=== Information given ===
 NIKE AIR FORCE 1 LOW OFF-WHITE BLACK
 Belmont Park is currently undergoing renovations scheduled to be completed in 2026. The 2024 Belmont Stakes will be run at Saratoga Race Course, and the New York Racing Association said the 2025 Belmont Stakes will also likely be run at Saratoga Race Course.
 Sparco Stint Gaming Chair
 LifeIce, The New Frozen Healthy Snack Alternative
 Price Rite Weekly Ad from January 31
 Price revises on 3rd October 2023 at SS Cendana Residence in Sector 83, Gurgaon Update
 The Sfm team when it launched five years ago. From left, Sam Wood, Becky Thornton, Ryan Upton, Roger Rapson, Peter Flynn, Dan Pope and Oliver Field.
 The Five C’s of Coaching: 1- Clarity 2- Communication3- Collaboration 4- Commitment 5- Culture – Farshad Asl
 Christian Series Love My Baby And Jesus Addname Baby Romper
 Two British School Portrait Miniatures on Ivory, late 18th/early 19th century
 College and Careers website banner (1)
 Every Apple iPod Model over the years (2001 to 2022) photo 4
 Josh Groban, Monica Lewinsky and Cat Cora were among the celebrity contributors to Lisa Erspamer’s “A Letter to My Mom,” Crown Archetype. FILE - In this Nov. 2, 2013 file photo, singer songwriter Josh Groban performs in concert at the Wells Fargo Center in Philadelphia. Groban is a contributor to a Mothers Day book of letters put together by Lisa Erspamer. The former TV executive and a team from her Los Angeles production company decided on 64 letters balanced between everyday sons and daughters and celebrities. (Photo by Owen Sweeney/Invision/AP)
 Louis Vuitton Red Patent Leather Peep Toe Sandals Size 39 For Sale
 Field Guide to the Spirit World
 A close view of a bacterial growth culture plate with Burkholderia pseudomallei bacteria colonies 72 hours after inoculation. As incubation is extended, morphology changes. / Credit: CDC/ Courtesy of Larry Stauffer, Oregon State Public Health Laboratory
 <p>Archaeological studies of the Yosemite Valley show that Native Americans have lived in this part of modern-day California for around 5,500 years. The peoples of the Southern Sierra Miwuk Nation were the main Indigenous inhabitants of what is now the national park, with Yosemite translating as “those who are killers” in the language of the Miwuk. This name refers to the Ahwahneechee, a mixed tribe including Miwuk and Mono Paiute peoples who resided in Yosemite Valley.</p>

=== Work required ===
From the first line of the listing above through the line that contains "A close view", set down each line without alteration, and nothing else.

=== Your response ===
 NIKE AIR FORCE 1 LOW OFF-WHITE BLACK
 Belmont Park is currently undergoing renovations scheduled to be completed in 2026. The 2024 Belmont Stakes will be run at Saratoga Race Course, and the New York Racing Association said the 2025 Belmont Stakes will also likely be run at Saratoga Race Course.
 Sparco Stint Gaming Chair
 LifeIce, The New Frozen Healthy Snack Alternative
 Price Rite Weekly Ad from January 31
 Price revises on 3rd October 2023 at SS Cendana Residence in Sector 83, Gurgaon Update
 The Sfm team when it launched five years ago. From left, Sam Wood, Becky Thornton, Ryan Upton, Roger Rapson, Peter Flynn, Dan Pope and Oliver Field.
 The Five C’s of Coaching: 1- Clarity 2- Communication3- Collaboration 4- Commitment 5- Culture – Farshad Asl
 Christian Series Love My Baby And Jesus Addname Baby Romper
 Two British School Portrait Miniatures on Ivory, late 18th/early 19th century
 College and Careers website banner (1)
 Every Apple iPod Model over the years (2001 to 2022) photo 4
 Josh Groban, Monica Lewinsky and Cat Cora were among the celebrity contributors to Lisa Erspamer’s “A Letter to My Mom,” Crown Archetype. FILE - In this Nov. 2, 2013 file photo, singer songwriter Josh Groban performs in concert at the Wells Fargo Center in Philadelphia. Groban is a contributor to a Mothers Day book of letters put together by Lisa Erspamer. The former TV executive and a team from her Los Angeles production company decided on 64 letters balanced between everyday sons and daughters and celebrities. (Photo by Owen Sweeney/Invision/AP)
 Louis Vuitton Red Patent Leather Peep Toe Sandals Size 39 For Sale
 Field Guide to the Spirit World
 A close view of a bacterial growth culture plate with Burkholderia pseudomallei bacteria colonies 72 hours after inoculation. As incubation is extended, morphology changes. / Credit: CDC/ Courtesy of Larry Stauffer, Oregon State Public Health Laboratory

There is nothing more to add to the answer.